Bruce Wasserstein


Bruce Jay Wasserstein was an American investment banker, businessman, and writer. He was a graduate of the McBurney School, University of Michigan, Harvard Business School, and Harvard Law School, and spent a year at the University of Cambridge. He was prominent in the mergers and acquisitions industry, credited with working on 1,000 transactions with a total value of approximately $250 billion.

Early life

Wasserstein was born and raised in Midwood, Brooklyn, New York, the son of Lola and Morris Wasserstein. His father, a Jewish immigrant from pre-World War II Poland, emigrated to New York City and started a ribbon company. His maternal grandfather was Simon Schleifer, a Jewish teacher in the yeshiva in Wloclawek, Poland who later emigrated to Paterson, New Jersey and became a Hebrew school principal.
Wasserstein had four siblings: businesswoman Sandra Wasserstein Meyer; Pulitzer Prize-winning playwright Wendy Wasserstein, ; Abner Wasserstein ; and Georgette Levis, who was married to psychiatrist Albert J. Levis.
Wasserstein attended the Yeshiva of Flatbush for high school.

Career

Starting his career as a Cravath, Swaine & Moore attorney, Wasserstein moved to First Boston Corp. in 1977 and eventually rose to co-head of that company's then-dominant merger and acquisition practice. In 1988, with colleague Joseph Perella, he left First Boston to form investment bank boutique Wasserstein Perella & Co., which he sold in 2000, at the top of the late 1990s bull market, to Germany's Dresdner Bank for around $1.4 billion in stock. In 2002, he left the unit Dresdner Kleinwort Wasserstein to become head of the financial services firm Lazard. In 2005, he led the initial public offering of Lazard and became the public firm's first Chairman and CEO.
Wasserstein controlled Wasserstein & Co., a private equity firm with investments in a number of industries, particularly media. In 2004, he added New York Magazine to his media empire. In July 2007, he sold American Lawyer Media to Incisive Media for about $630 million in cash.
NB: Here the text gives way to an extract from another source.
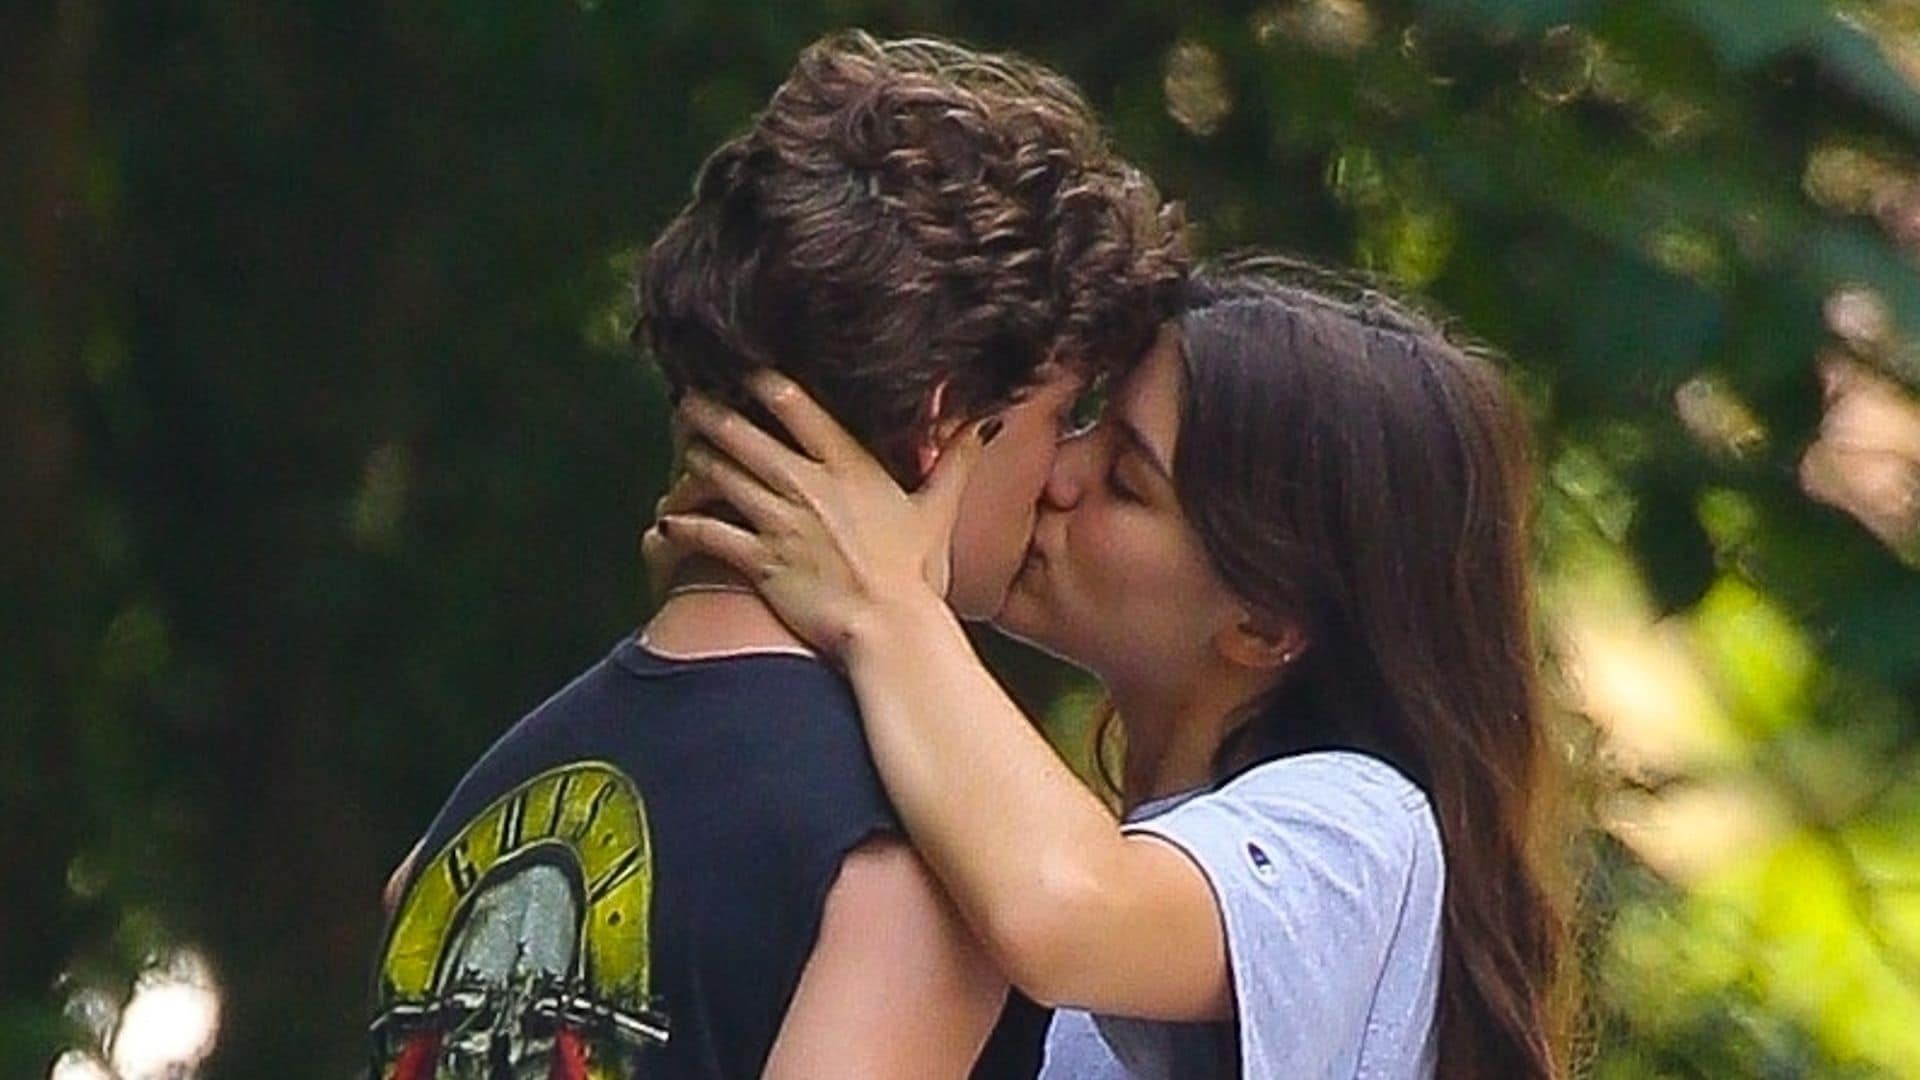 Suri and her boyfriend share some PDA in the park
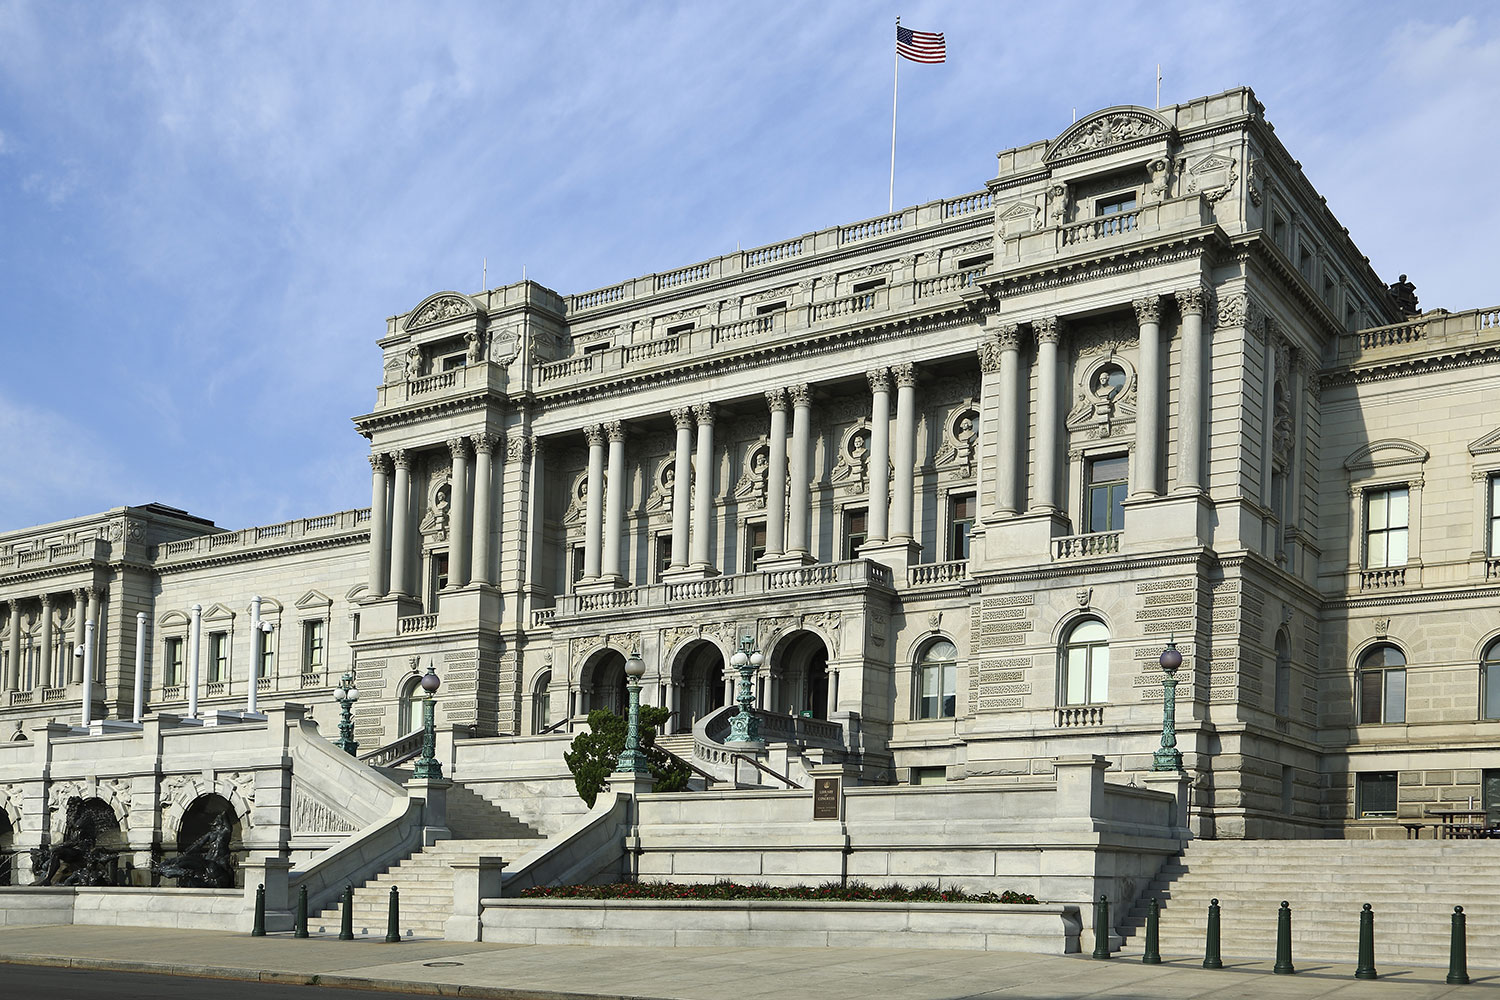 Library of Congress in Washington, D.C.

He was credited with the term "Pac-Man defense", which is used by targeted companies during a hostile takeover attempt.

Philanthropy

In 2007 Wasserstein made a $25 million donation to Harvard Law School, for the creation of a large academic wing of the school's Northwest Corner complex, which was named Wasserstein Hall.

Net worth

According to Forbes, as of September 17, 2008, Wasserstein's net worth was estimated to be $2.3 billion.
As of 2008 he owned an apartment at 927 Fifth Avenue in New York City, an estate in Santa Barbara in California, an Atlantic oceanfront estate in East Hampton, a house at 38 Belgrave Square in London, and another apartment in Paris.

Personal life

Wasserstein was married four times and had six biological children:
Wasserstein had a sixth child, Sky Wasserstein, with Erin McCarthy after separating from Becker; McCarthy, a Columbia MBA graduate, was formerly a Director of Development at Columbia University's Graduate School of Journalism. Sky was conceived via IVF and born at New York Hospital in 2008. Wasserstein gave her the middle name, Wendy, in memory of his sister who had died in 2006. He also named Sky an equal beneficiary in trusts he had established for all his children that held his legacy assets, including several real estate properties and businesses, such as New York Magazine. Wasserstein and McCarthy shared joint custody of their daughter. Upon Wasserstein's death, trustees for the various family trusts barred Sky from benefiting from the jointly owned trust assets, and in 2011, filed an accounting in a New York court to "cash out" Sky from the holdings. An article about the dispute was published in Vanity Fair, but Jezebel reported in 2016 that the piece had been removed from the magazine's website.
Wasserstein's political position was liberal. He was involved with media since high school and college, when he was an editor on his high school newspaper, The McBurneian ,, and later at the University of Michigan Michigan Daily, then served an internship at Forbes magazine. Inspired by Ralph Nader, he was one of "Nader's Raiders" for a brief length of time. Rahm Emanuel and Vernon Jordan were employed by Wasserstein for a few years. Wasserstein also served as trustee for the Columbia University Graduate School of Journalism from 2001 until his death.

Death

On October 11, 2009, Wasserstein was admitted to hospital with an irregular heartbeat. It was originally reported that his condition was serious, but that he was stable and recovering. However, Wasserstein died in Manhattan three days later, on October 14, at the age of 61.